Windows Azure introduced concepts of fault and upgrade domains. Fault domains are related to the physical deployment of the roles whereas upgrade domains are related to the logical deployment of the roles.
Fault domains define a physical unit of deployment for an application. The fault domain concept has been introduced for Windows Azure to provide high availability services and to reduce single points of failure (servers, rack of servers, switches) in a data center. In Windows Azure, a rack of computers is indeed identified as a fault domain.
Service instance allocation to a specific fault domain is determined by Windows Azure at deployment time and cannot be controlled by a service owner. By placing fault domains in separate racks of computers, you separate service instances deployment to hardware well enough that it’s unlikely all would fail at the same time.
Note that to get guaranteed SLA at a level of 99.95% you have to have two or more role instances in different which will be deployed to different fault domains. You can find more on Cloud Service SLA at Service Level Agreements page.
Upgrade domains define a logical unit of deployment for an application. The upgrade domain concept has been introduced for Windows Azure to provide high availability services during an upgrade of an application.
The number of upgrade domains can be configured as a part of the service definition file (
.csdef). The default number of upgrade domains is 5, and the maximum is 20.
<ServiceDefinition name="service-name" xmlns="http://schemas.microsoft.com/ServiceHosting/2008/10/ServiceDefinition" schemaVersion="version" upgradeDomainCount="number-of-upgrade-domains"> <!-- .... --> </ServiceDefinition>
Windows Azure distributes instances of a role evenly (when possible) across a set number of upgrade domains. For example, if the default number of upgrade domains is used and a service has five instances, each instance will be assigned to an individual upgrade domain. In the case of a service having ten instances, each upgrade domain will have two instances. In the case of a service having 14 instances, the first four upgrade domains will have three instances, and the last one will have two instances.

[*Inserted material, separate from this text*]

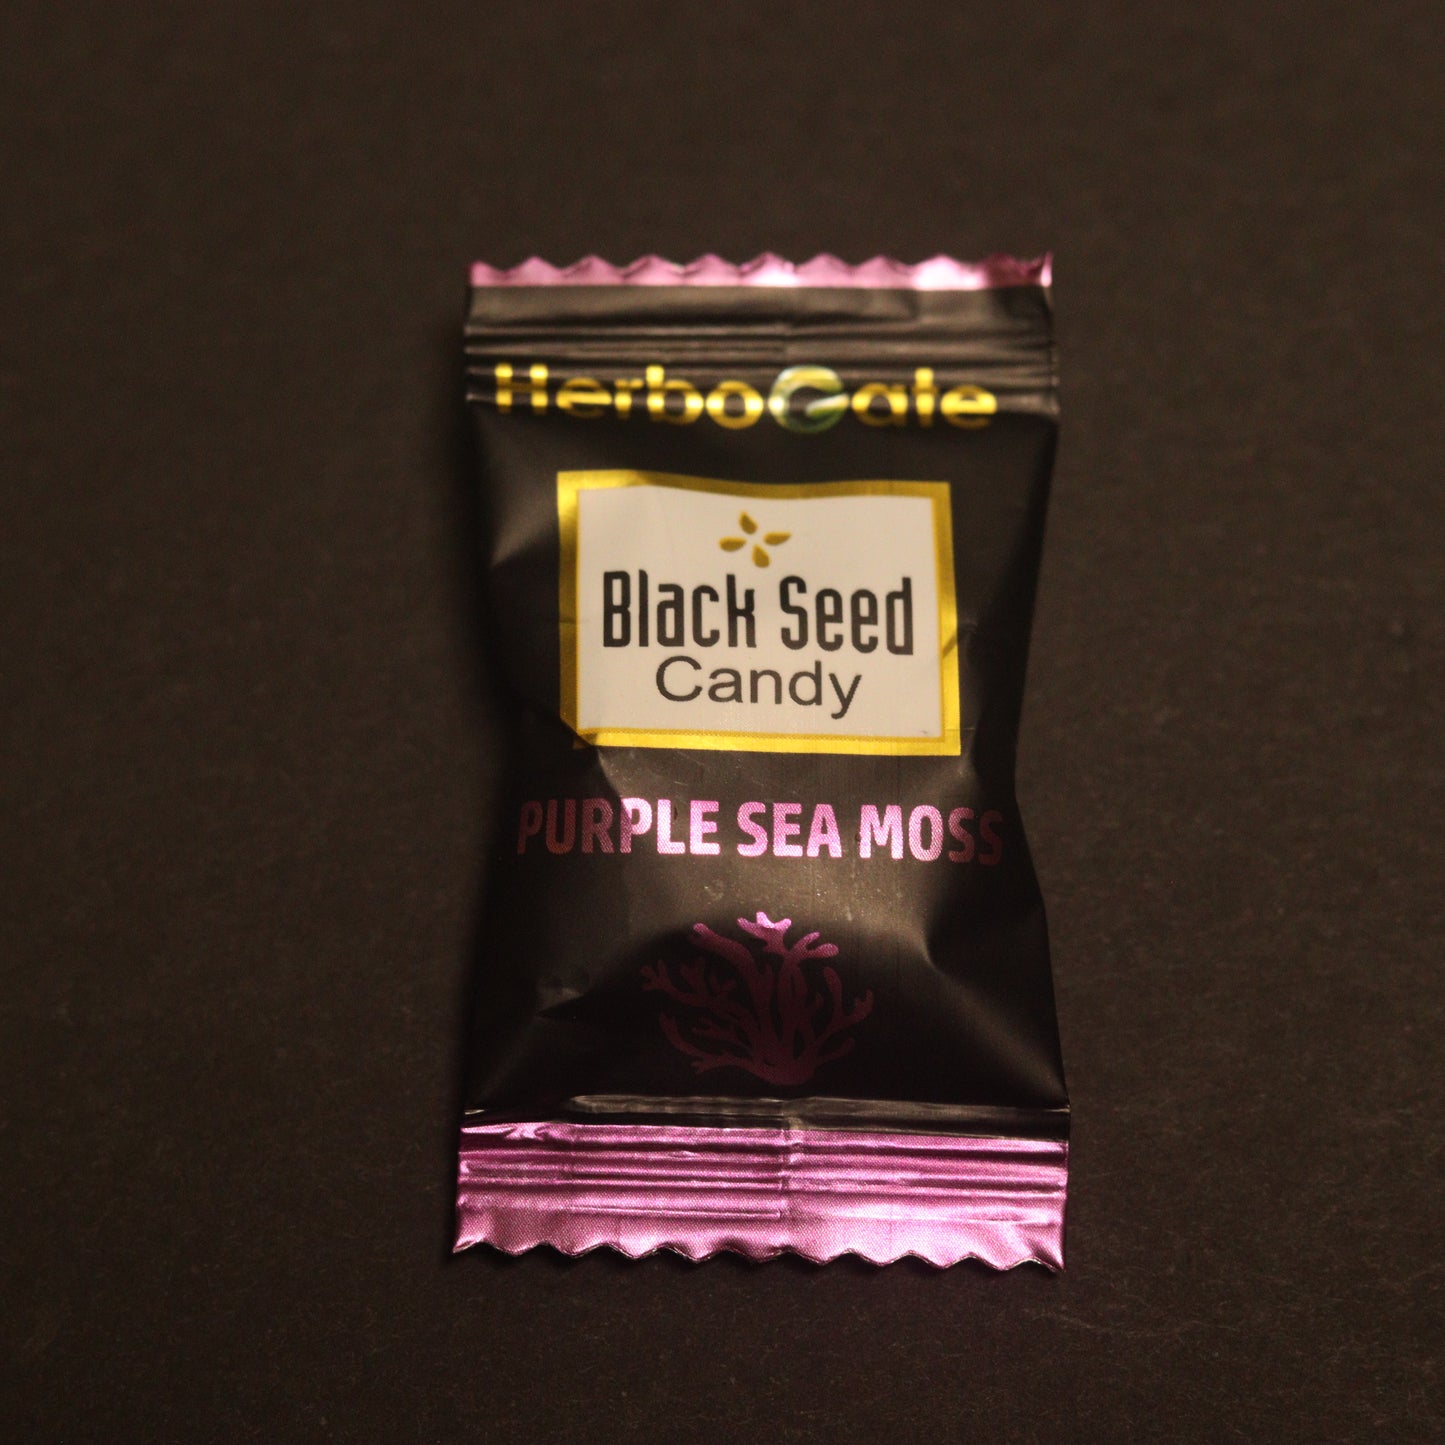 Black Seed Candy 4/$1

Note that Windows Azure determines a service instance allocation to a particular upgrade domain at deployment time and the service owner can not control it.
Note that number of upgrade domains does not have to equal to the number of fault domains so a single application could exist in several upgrade domains but only deployed to two separate fault domains.
How a deployment proceeds
During deployment all instances of the upgraded role that belongs to the first upgrade domain are stopped, upgraded, and brought back online. Once they are back online, the process is repeated for the second upgrade domain (all roles stopped, upgraded and brought back online), the third upgrade domain and so on until all instances in all upgrade domains have been upgraded.
The screenshots below present Windows Azure portal - cloud service instances screen - during an upgrade of a service with three instances and 5 (default value) upgrade domains.
Please note that during deployment you can decide whether you want to update all of the roles in your service or a single role in the service.